_Assignment_
Your task is to reproduce the listing exactly, without its images.

_Exercise data_
──────

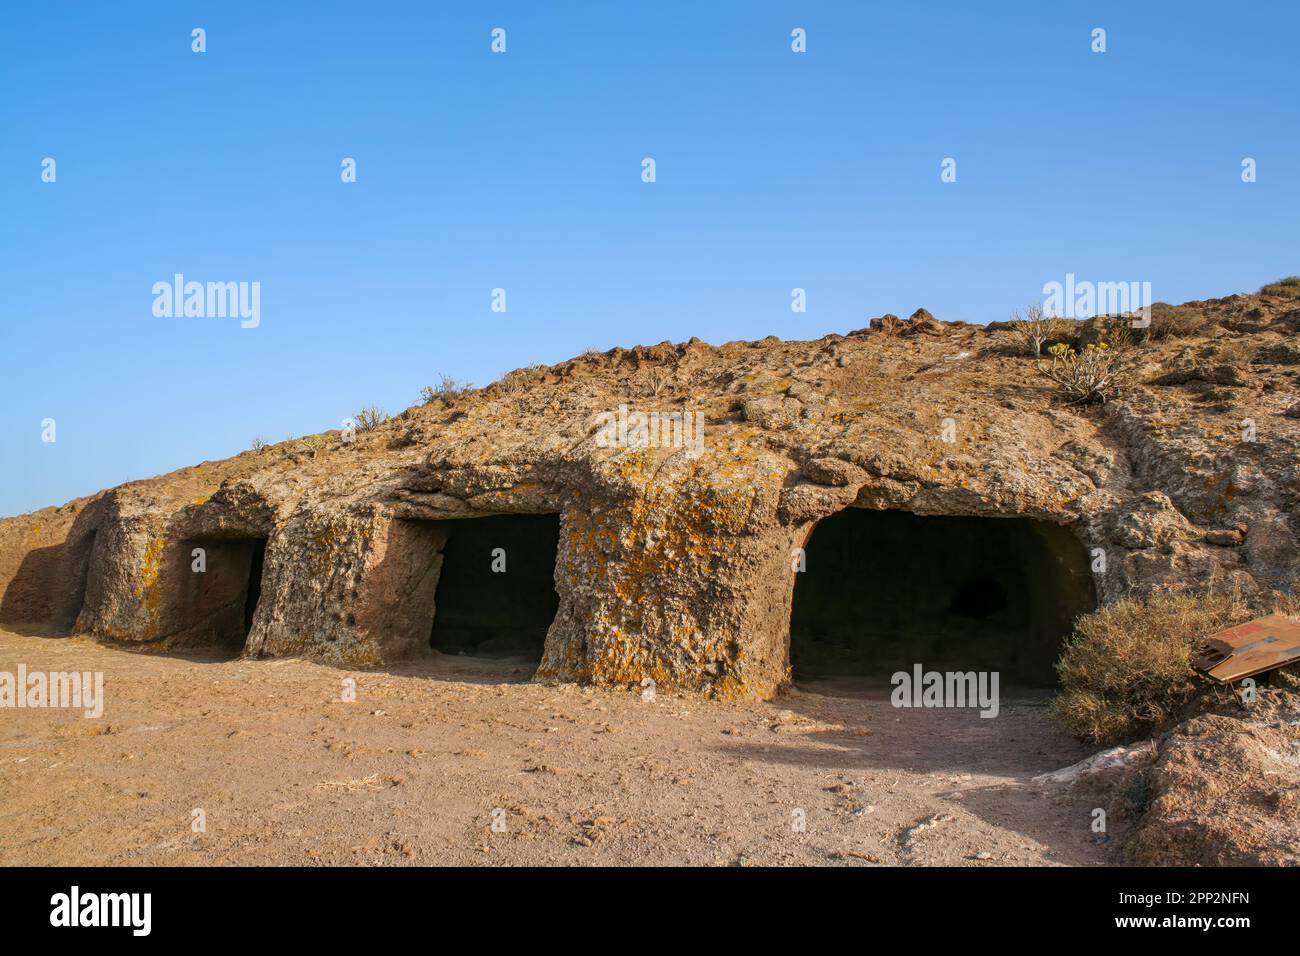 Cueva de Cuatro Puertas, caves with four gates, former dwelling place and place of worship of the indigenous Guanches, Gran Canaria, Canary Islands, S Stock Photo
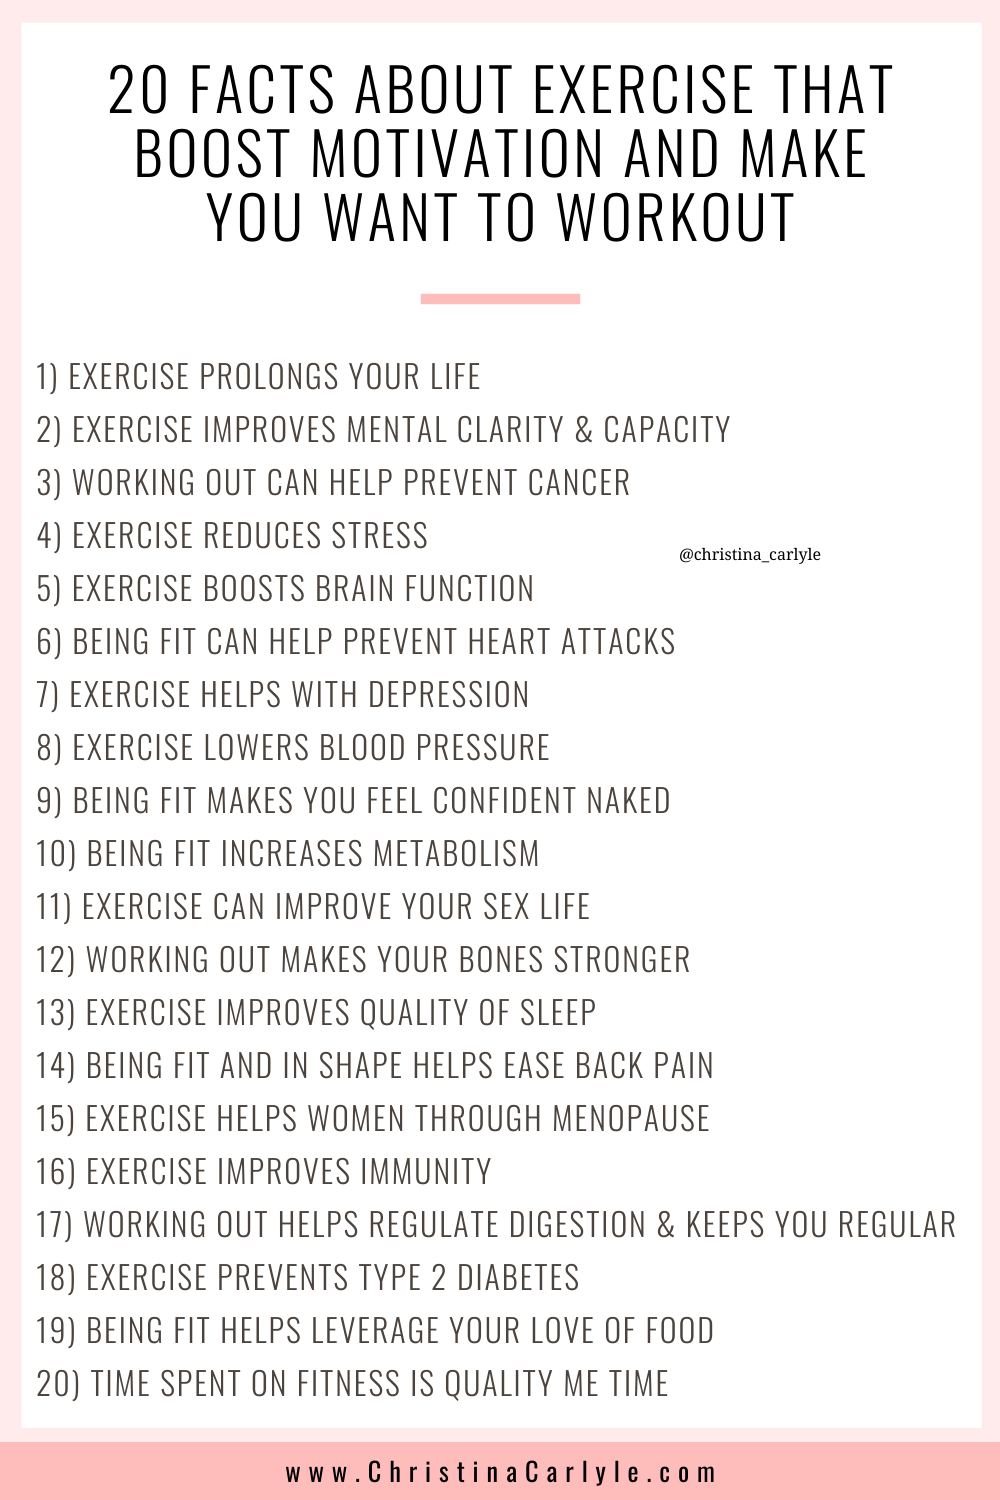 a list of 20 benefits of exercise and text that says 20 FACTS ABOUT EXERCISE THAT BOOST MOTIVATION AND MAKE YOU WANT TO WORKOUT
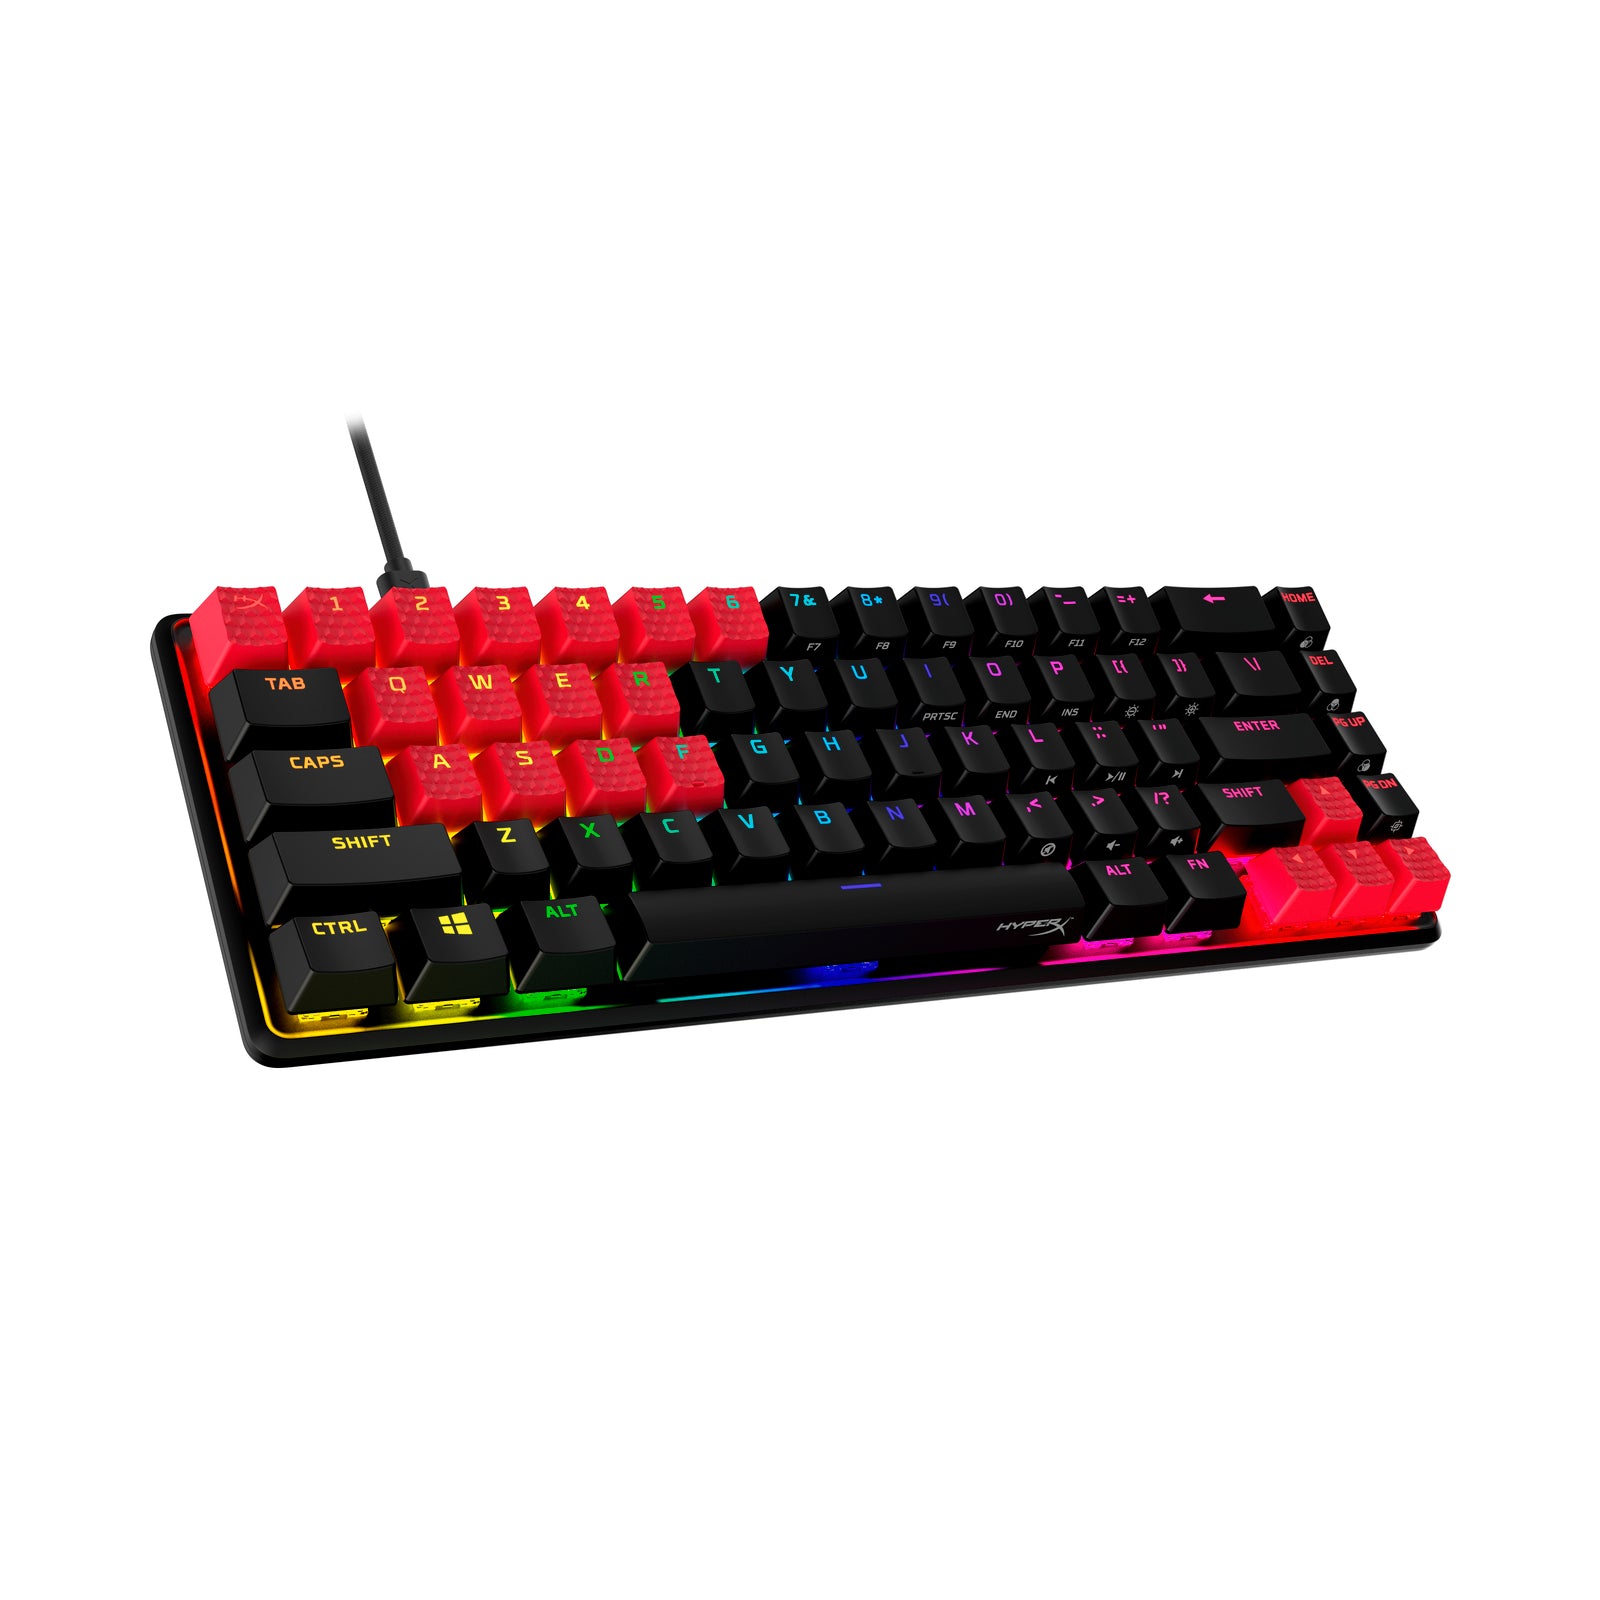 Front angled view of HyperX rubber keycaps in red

──────

_Task answer_
 Cueva de Cuatro Puertas, caves with four gates, former dwelling place and place of worship of the indigenous Guanches, Gran Canaria, Canary Islands, S Stock Photo
 a list of 20 benefits of exercise and text that says 20 FACTS ABOUT EXERCISE THAT BOOST MOTIVATION AND MAKE YOU WANT TO WORKOUT
 Front angled view of HyperX rubber keycaps in red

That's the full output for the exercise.